What is a good amount of reads (specially after DADA2)!

Dear QIIME community,

I tried to look trough the forum topics and specially DADA2 topics to get the answer to this question. I got a lot of new information but not directly to the question I have. Sorry if this has already been discussed earlier!

I’ve done DADA2 denoising with my Illumina 2x250 V3-V4 data.

Here is the parameters I used:
qiime dada2 denoise-paired
–i-demultiplexed-seqs demux-paired-end.qza
–p-trim-left-f 13
–p-trim-left-r 13
–p-trunc-len-f 250
–p-trunc-len-r 250
–o-representative-sequences rep-seqs.qza
–o-table table.qza
–o-denoising-stats stats-dada2.qza

And here is the picture of the quality plot I used for DADA2 parameters:

When reading about the topic, I understood that DADA2 needs minimum overlap of 20 bp to succeed with the merging and the length of V3-V4 region (usually around 460 bp) might be too long for proper merging due the natural variation.This can therefore cause the loss of data.

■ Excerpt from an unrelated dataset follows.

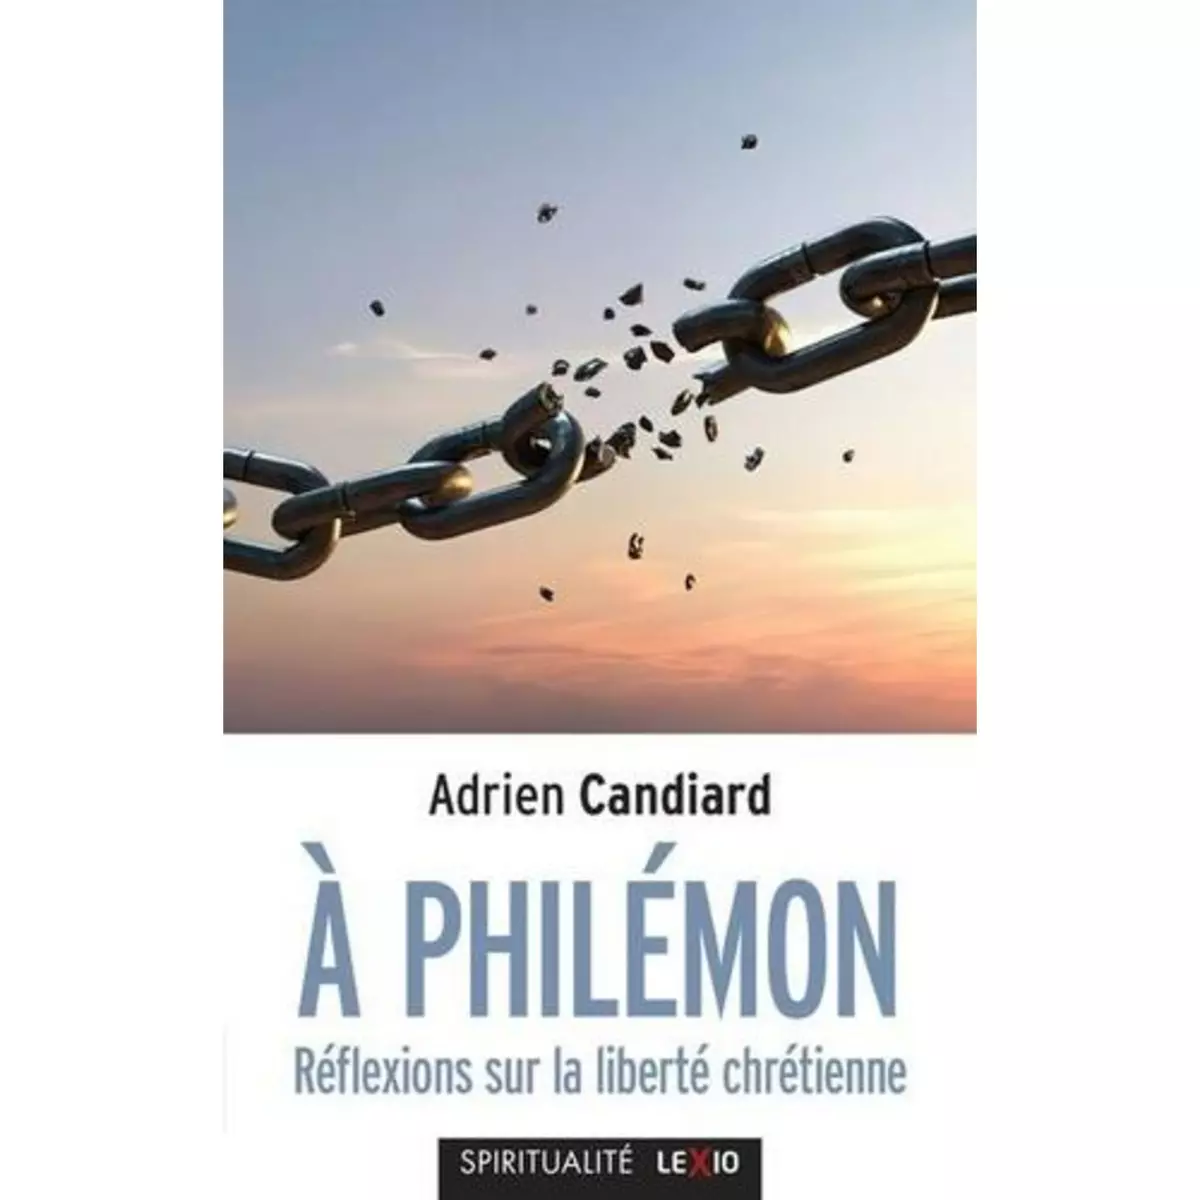  A PHILEMON. REFLEXIONS SUR LA LIBERTE CHRETIENNE, Candiard Adrien

I also read that if the merging is the cause of loosing the data, only the good quality forward reads can be used instead of paired-end reads. Depending on the dataset and the question of interest of course, also the forward read will give good resolution results, right?

Back to the data I have:
Here is the stats of the data after DADA2:

sample-id input filtered denoised merged non-chimeric reads left (%)
AS1 15113 11337 11113 10667 10604 70
AS2 16581 13444 13185 12765 12154 73
AS3 11769 8650 8339 7932 7885 67
AS4 13599 10771 10553 10116 9858 72
AS5 9413 7313 7066 6619 6403 68
AS6 10875 8994 8887 8533 8183 75
AS7 16183 11285 10899 10267 10207 63
AS8 9518 7783 7550 7205 7114 75
AS9 12928 9511 9137 8661 8212 64
AS10 9999 8367 8151 7847 7698 77
AS11 16265 12356 12044 11467 11243 69
AS12 13900 11515 11276 10814 10352 74

I’m wondering do any of you have a “hunch”, what is a good amount of reads to be left after DADA2? Is is above 10 000 or can it be less. Do I have too little reads right at the beginning of the analysis since some of the reads are below 10 000? Or do I have to go through the steps to see the sampling depth to get the “hunch”. It is quite fast to do of course, but I was wondering is there any threshold about the amount of reads at the beginning of the analysis (so is my amount of reads at the starting point enough?) and after DADA2 (so is the amount of reads I have after DADA2 handling enough?).

Sorry for a long post and quite a naive question! Still trying to figure out the basics on this field!

Wishing you all the best!

Hi @veeraku,
Good question, and thanks for doing your research on the forum before posting. This is a complicated question with no real right answer, I’ve written my thoughts on the matter some time ago here that may be of interest to you. The short version is, it depends on your samples and the questions you are trying to answer. For most typical samples we see around here (gut, intestine, skin etc.) your sampling depth should be sufficient.

I would say yes the resolution will be good enough, of course not as good as paired-end but the benefits of the latter only reveal themselves depending on what you are asking of your data. The benefit of using only your forward reads is you are most likely able to retain more reads.


Thank you @Mehrbod_Estaki for your answer!

I was aware that this is a question with no specific answer and is all depending on the various things in the setting of the experiment. You clarified the subject a lot and thank you for the link (so it was indeed discussed already earlier…). I will read that with thought!